ReanimatedSGB · 01/02/2019 21:01

I think that counselling for yourself might help you more than relationship counselling.
Because, unless there's another massive drip feed coming (eg you were raised in a culture where marriages were arranged and/or you were pressured into marrying anyone rather than being a spinster) you appear to have chosen to marry this man and follow him round the world as his servant. I think it's likely that you find martyrdom rewarding in some way and this could be why you attempted to 'solve' the marriage problems by setting your H a test you knew he would fail.
(TBH, 'Buy me a special present which shows me how much you care' is a stupid and impossible challenge to set anyone, but quadruply so if you set it for someone who isn't very good at gift buying and doesn't much enjoy it.

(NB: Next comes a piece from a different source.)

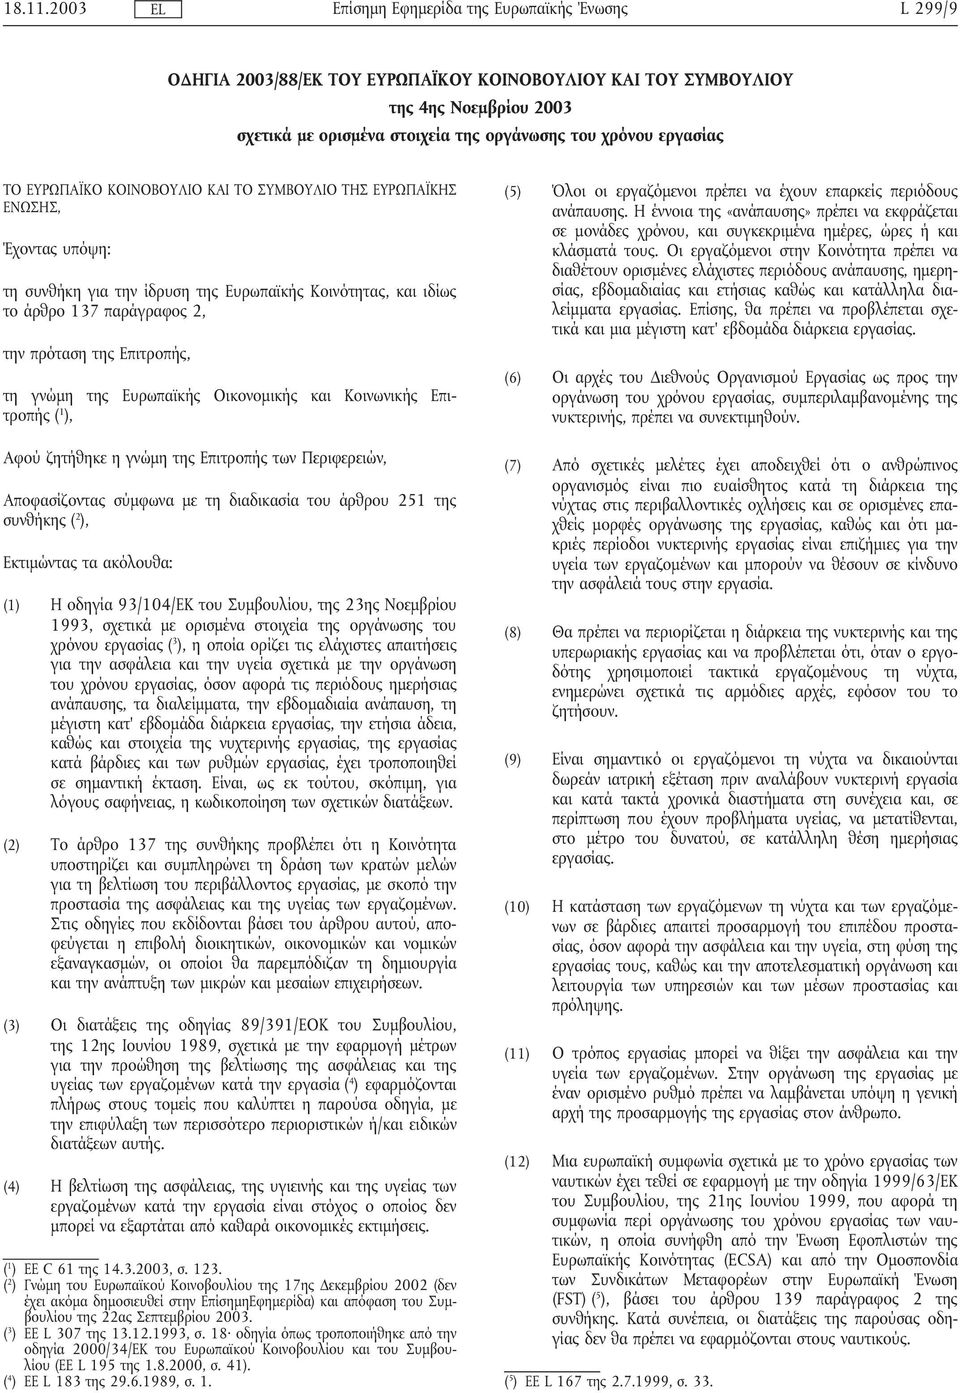 ΣΥΜΒΟΥΛΙΟ ΤΗΣ ΕΥΡΩΠΑΪΚΗΣ ΕΝΩΣΗΣ, Έχοντας υπόψη: τη συνθήκη για την ίδρυση της Ευρωπαϊκής Κοινότητας, και ιδίως το άρθρο 137 παράγραφος 2, την πρόταση της Επιτροπής, τη γνώµη της Ευρωπαϊκής

You're basically asking the person to read your mind.)

ThumbWitchesAbroad · 01/02/2019 21:56

Wow some of you really lack compassion and understanding.
The life of a trailing spouse is not all fun and games, and, where children are involved, it's not that easy to just refuse to go too!

The Op has done her best to keep her family together while her husband goes where he likes, does what he likes and now she's being blamed for staying with him - how else where the children supposed to see their father?

However, now that the trailing spouse aspect appears to be not such an issue, I do think, justilou, that it might be time to give it up as a bad job and leave the twat. Also your children are older now so not only will they be able to travel independently to see him but they're not going to be so bothered about seeing him all the time, I would think.